Thursday 2 February 2017

Black Matter

People talk about the hole that's left when you lose a loved one.

It's not a hole, a hole suggests a nothingness.  What remains in me is something that contains its own gravity. Something so all encompassing it pulls at everything else, nothing is untouched by this dark matter. It's more a black hole; a heavy, powerful, swirling void that churns away inside trying to destabilise my grasp on life. 
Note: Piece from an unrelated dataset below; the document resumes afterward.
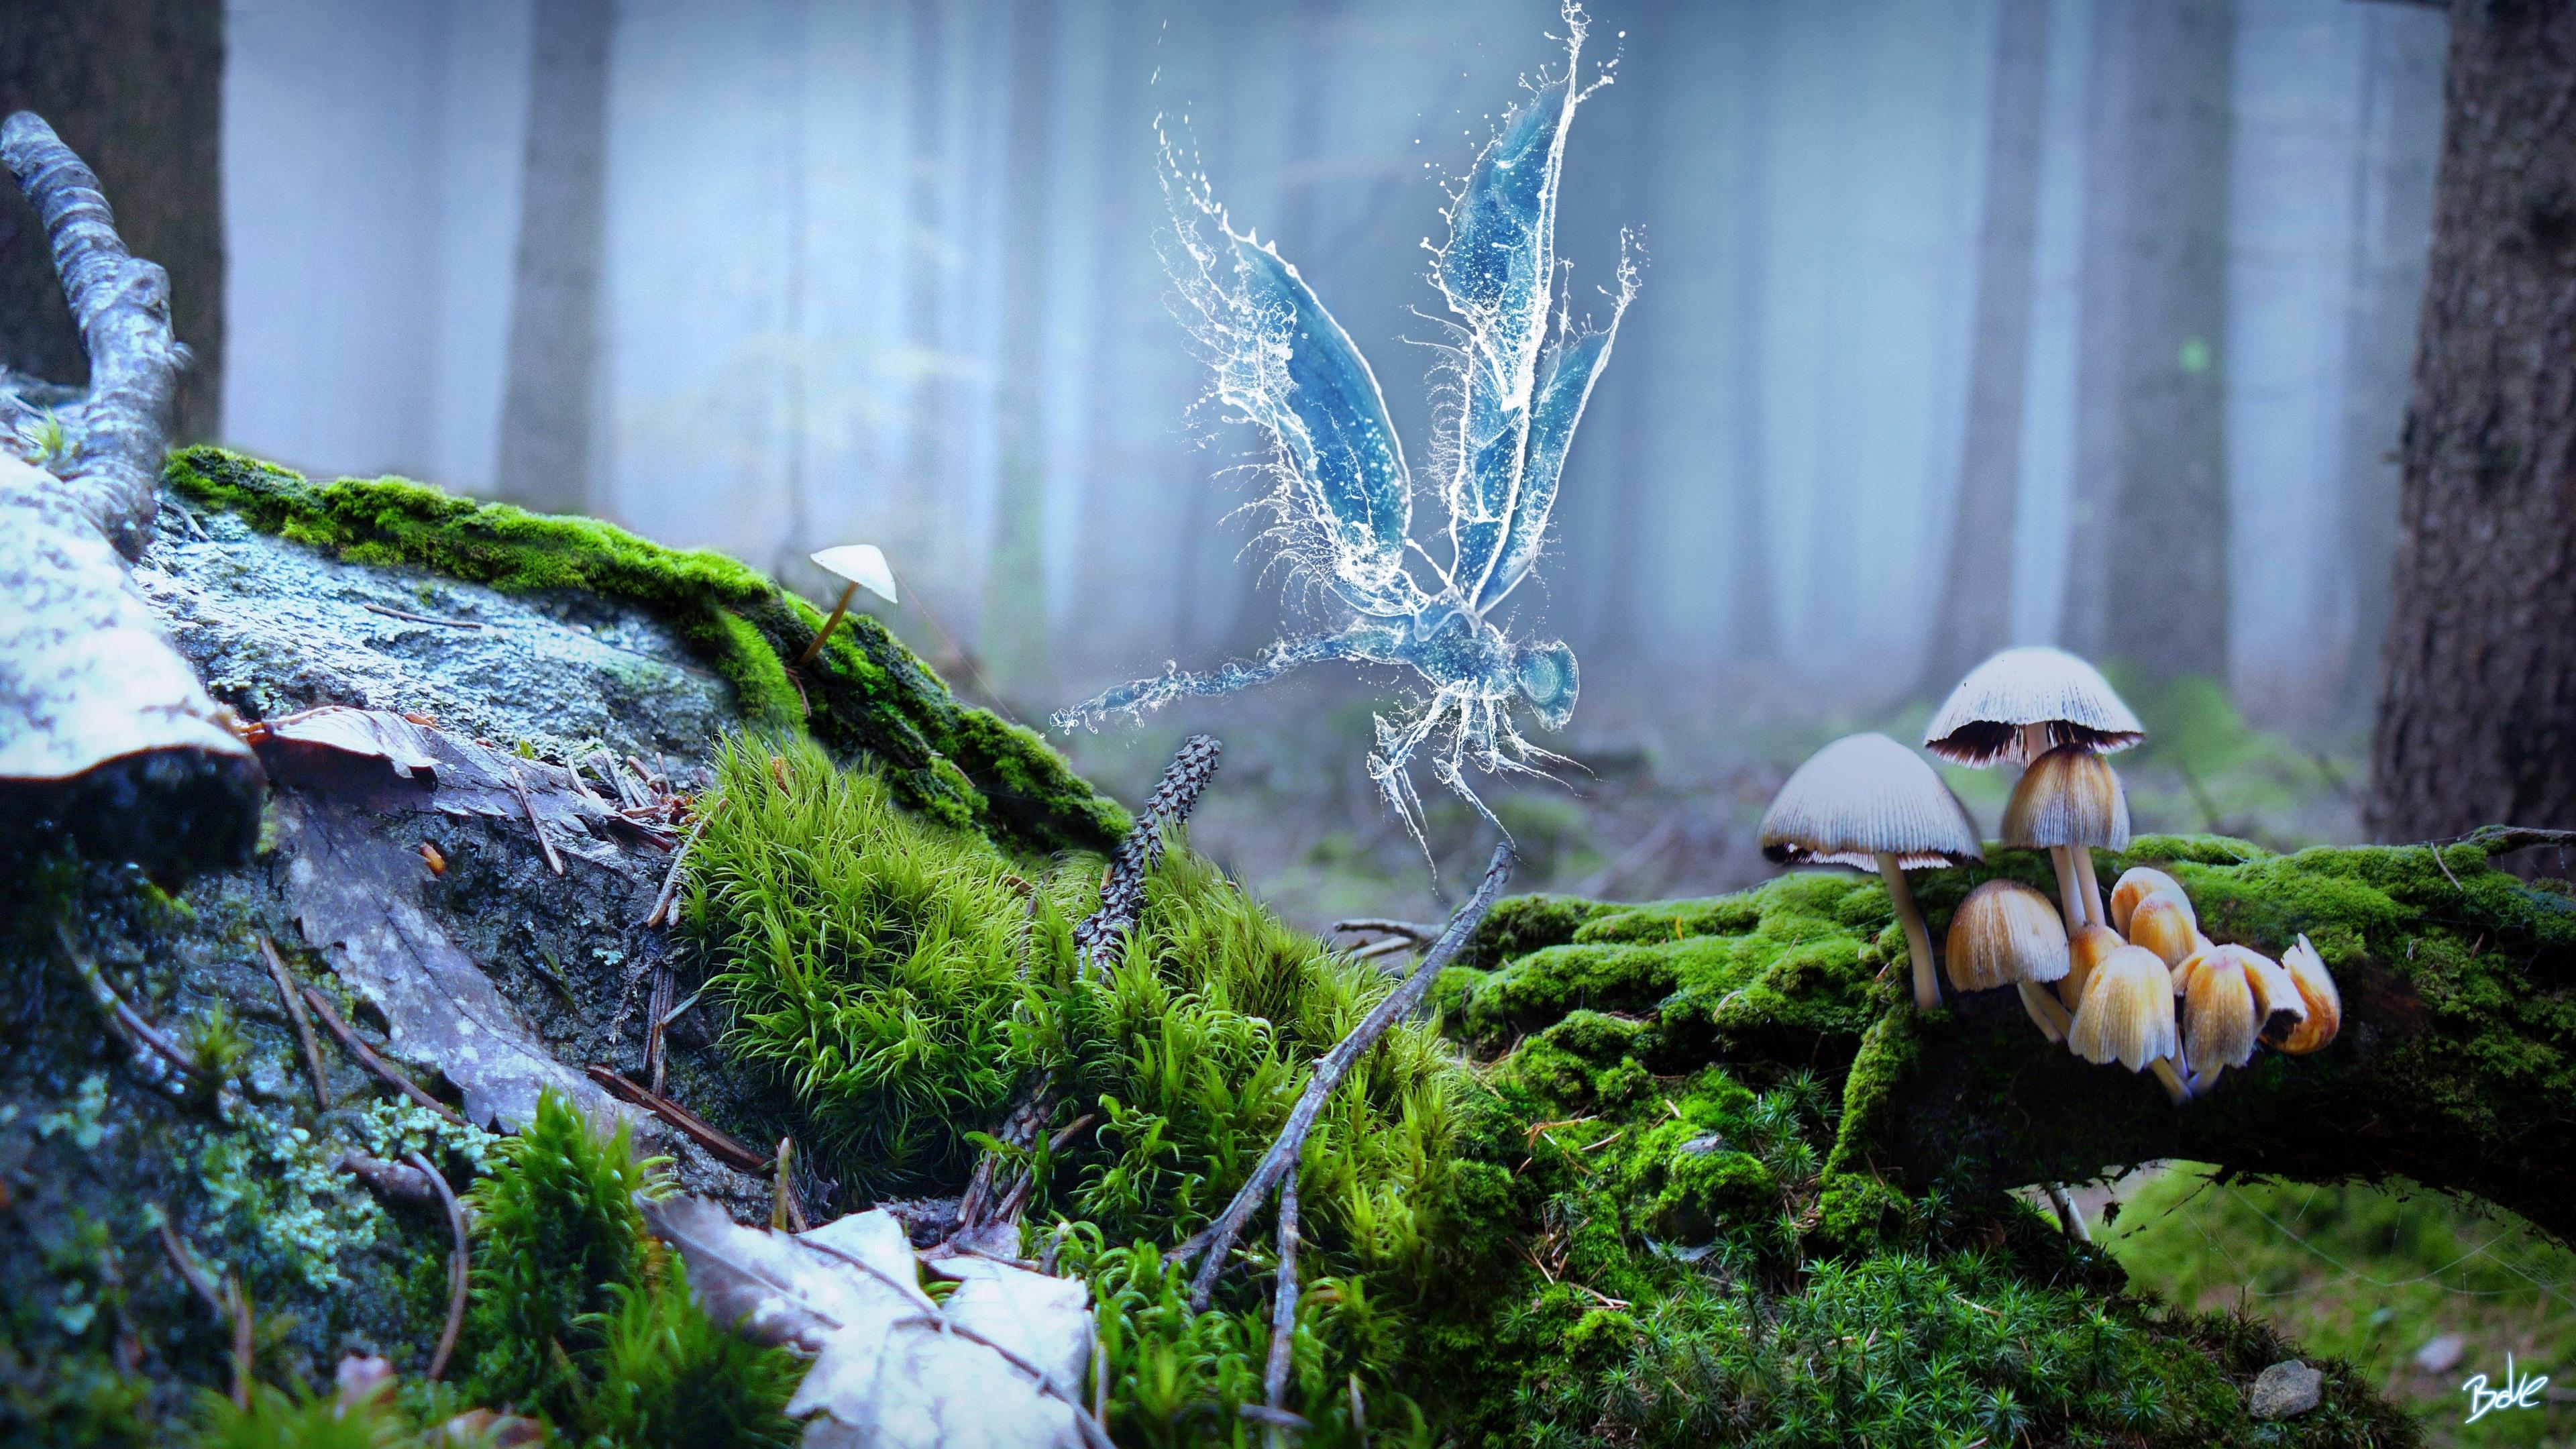 Стрекоза с волшебными крыльями в туманном лесу с ярко-зеленным мхом и ядовитыми грибами
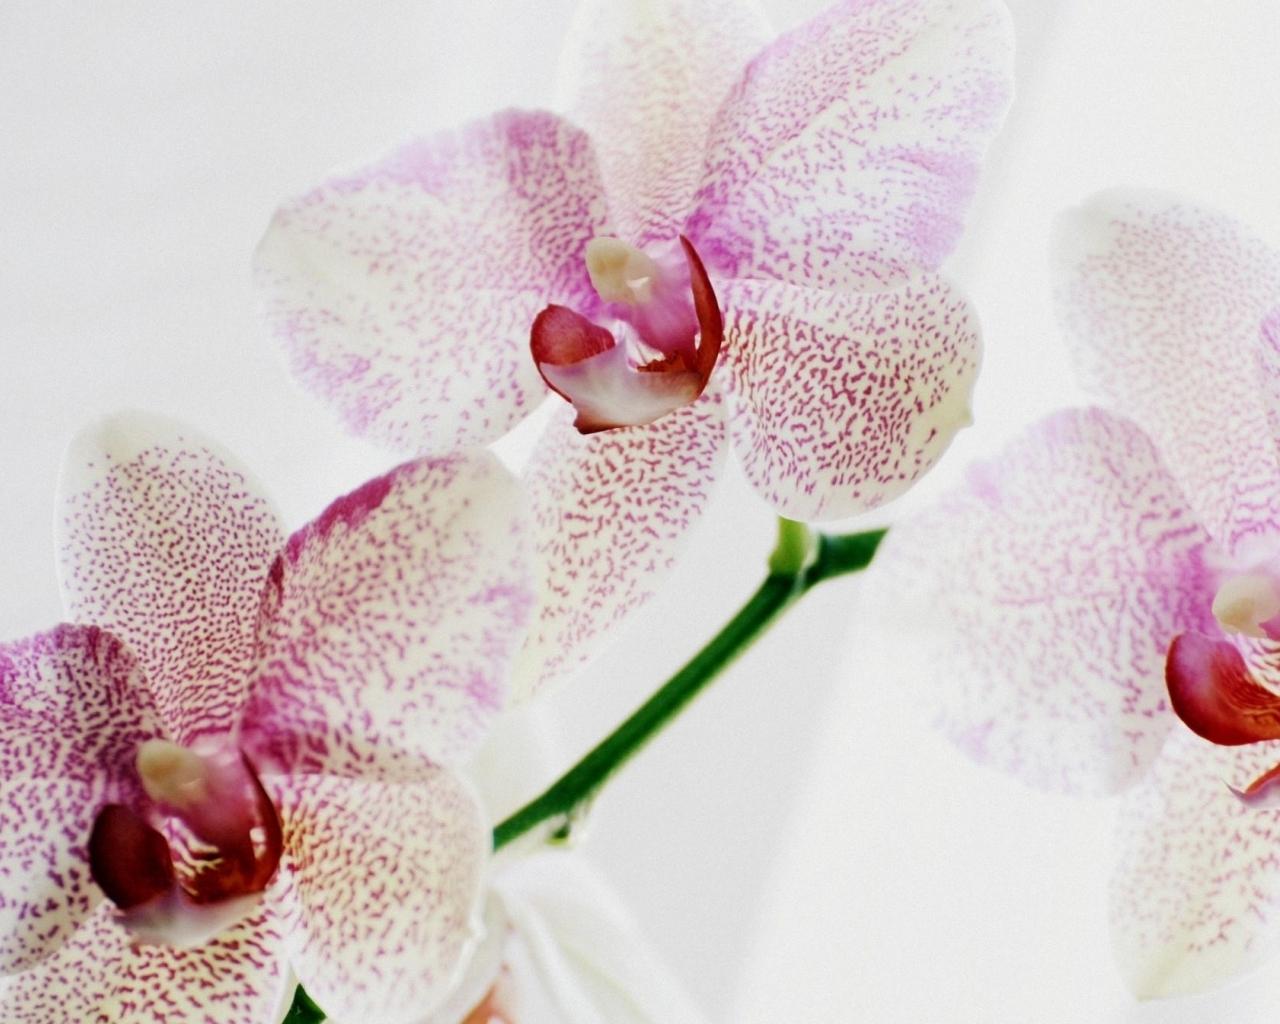 16131 descargar fondo de pantalla Plantas, Flores: protectores de pantalla e imágenes gratis

It grows and shrinks of its own accord snagging at the torn edges of my true colour. Often the dark looks so comfortable I want to give in and let it take over, enveloping me in a blanket of black velvet. But a black hole isn't peaceful, it wouldn't provide me with the restful escape it seems to promise. I have to run to the light, so it's important I keep recognising who and what shines a light for me. The brighter the light the less power the black matter. 


Sometimes I feel like one of those wobble toys and the dark matter is the weight in my core, something keeps knocking me sideways but for now I rock back up again. 

I know given time I will have more control over the dark matter, squashing it into a recess, but it will always be there, spinning with an unstoppable force waiting for an opportunity to spill out into my universe.

I have to recognise it for what it is - I can't pretend it's not there - but it is only me. I know it can't be the hole left by José because my husband was a positive force. I must stay positive to honour his memory.